Russian educational institution, 1894–1918

The Kseniinsky Institute for Noble Maidens (Ксениинский институт благородных девиц) is a former women's educational institution of the Russian Empire, part of the department of Institutions of Empress Maria, which existed from 1894 to 1918 in St. Petersburg.

== History ==

On 25 July 1894, by decree of Emperor Alexander III, in commemoration of the marriage of Grand Duchess Xenia Alexandrovna with Grand Duke Alexander Mikhailovich, the Kseniinsky Institute for Noble Maidens was established. The institute was created as a women's educational institution for the education and upbringing of orphans and half-orphans from noble families. The institute was part of the department of institutions of Empress Maria.
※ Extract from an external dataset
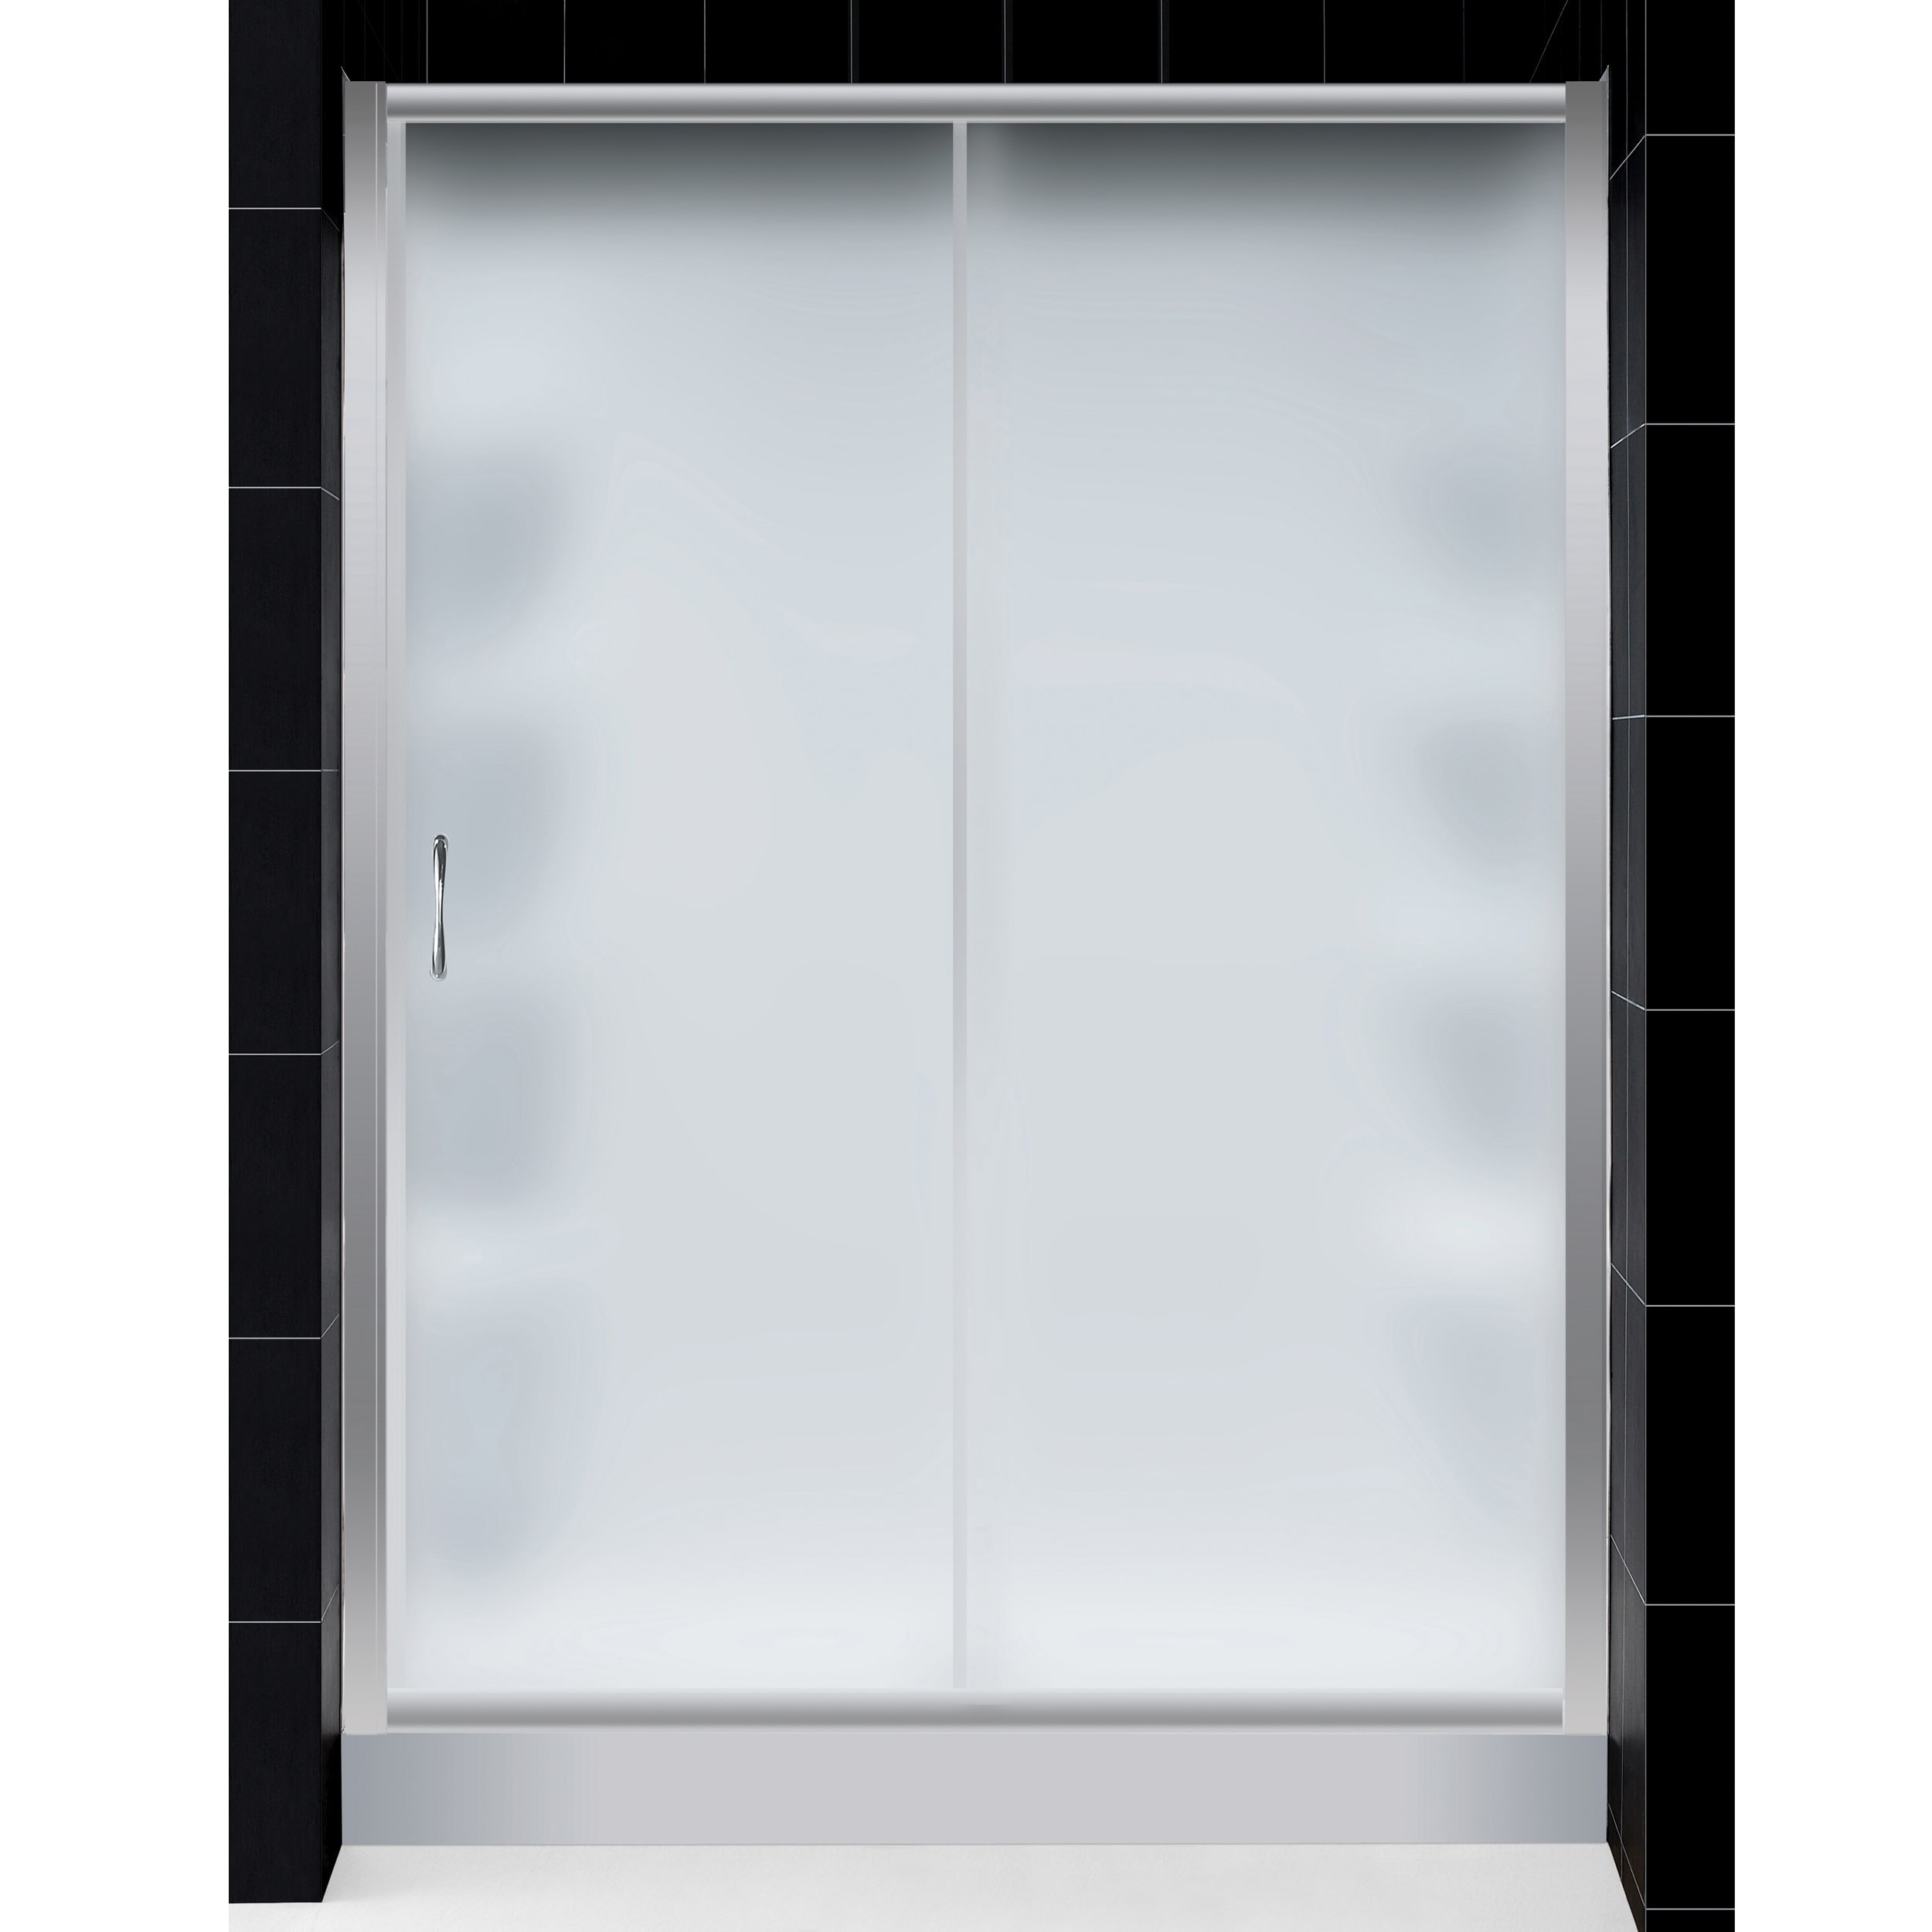   Infinity 30x60 Frosted Glass Shower Door with BackWall and Tray Combo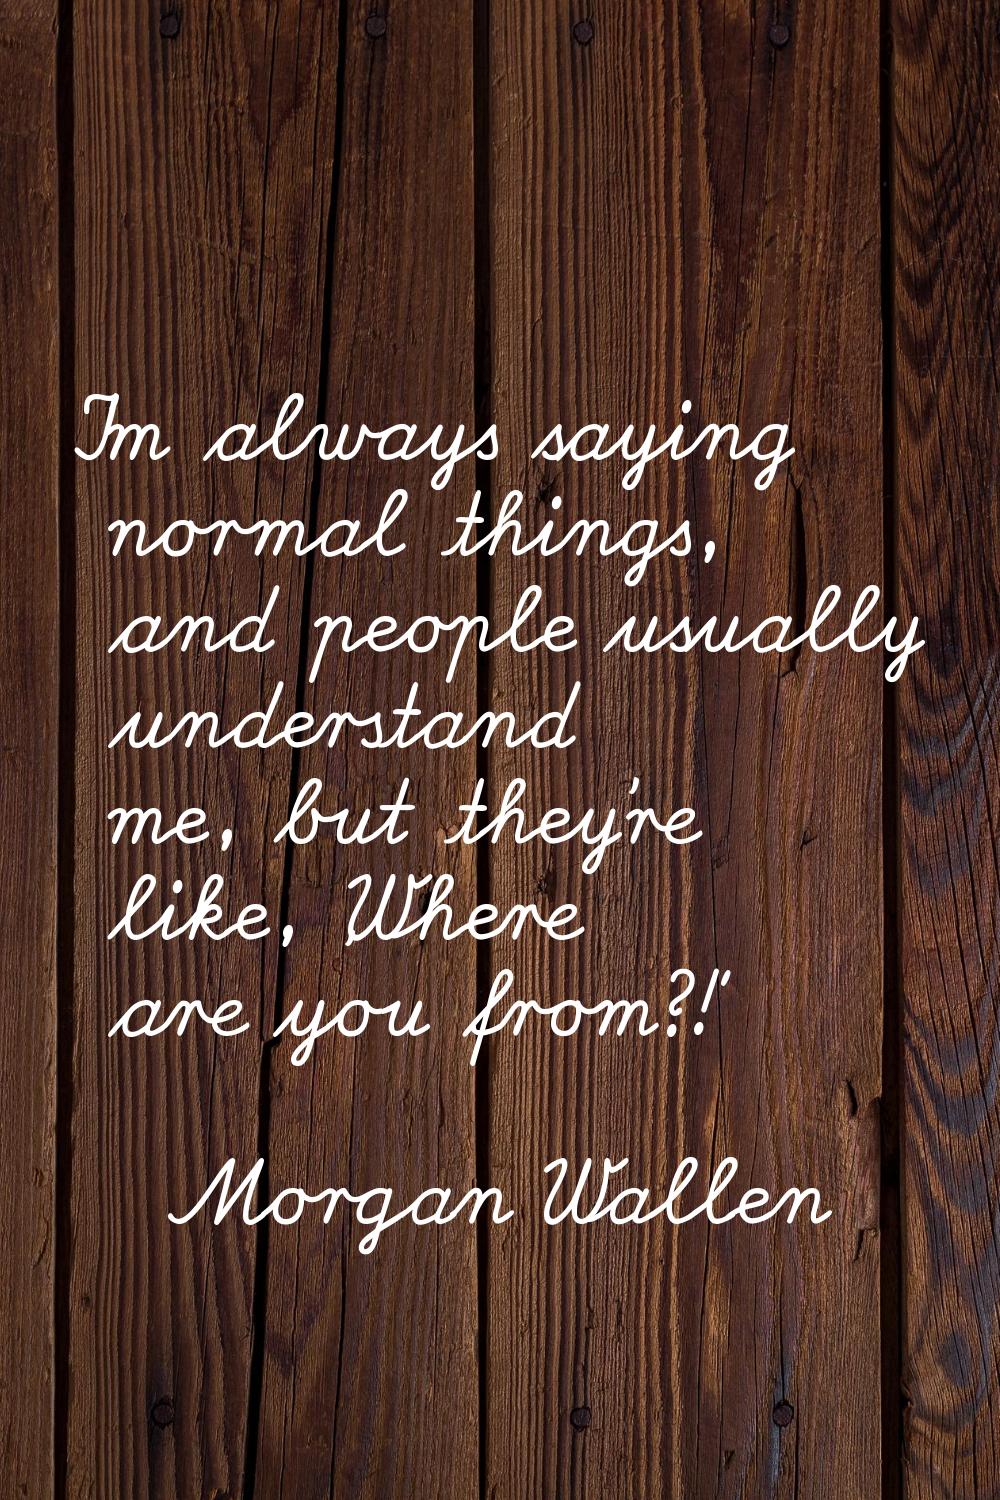 I'm always saying normal things, and people usually understand me, but they're like, 'Where are you

The Kseniinsky Institute was given the Nicholas Palace, which had previously been owned by Grand Duke Nikolai Nikolayevich. The palace was built from 1853 to 1861 by the architect Andrei Stackenschneider and his assistants Karl Ziegler and August Lange. At the palace there was an arena and a church, created by the architect N. V. Sultanov and consecrated on 12 February 1906 in the name of the Joy of All Who Sorrow icon, with a basement like a cave of the Empty tomb. From 1894 to 1895, for the needs of the institute, the building was rebuilt under the guidance of architects R. A. Gedike and I. A. Stefanits. On the first floor there was an apartment of the head of the institute, an office and living quarters for teachers. The two-height Banquet Hall was divided by a ceiling into two rooms. A stage for performances was set up in the lower one, and dormitories for pupils in the upper one. The classrooms are located on the second floor. The stable was rebuilt into a dining room, the arena was rebuilt into bedrooms. Architectural work cost the treasury 700,000 rubles. On 25 March 1895, the Kseniinsky Institute was solemnly opened, the ceremony was attended by Emperor Nicholas II, who presented the temple in the name of the icon of the Mother of God “Joy of All Who Sorrow” with a sacristy from the cover on the coffin of his father Alexander III.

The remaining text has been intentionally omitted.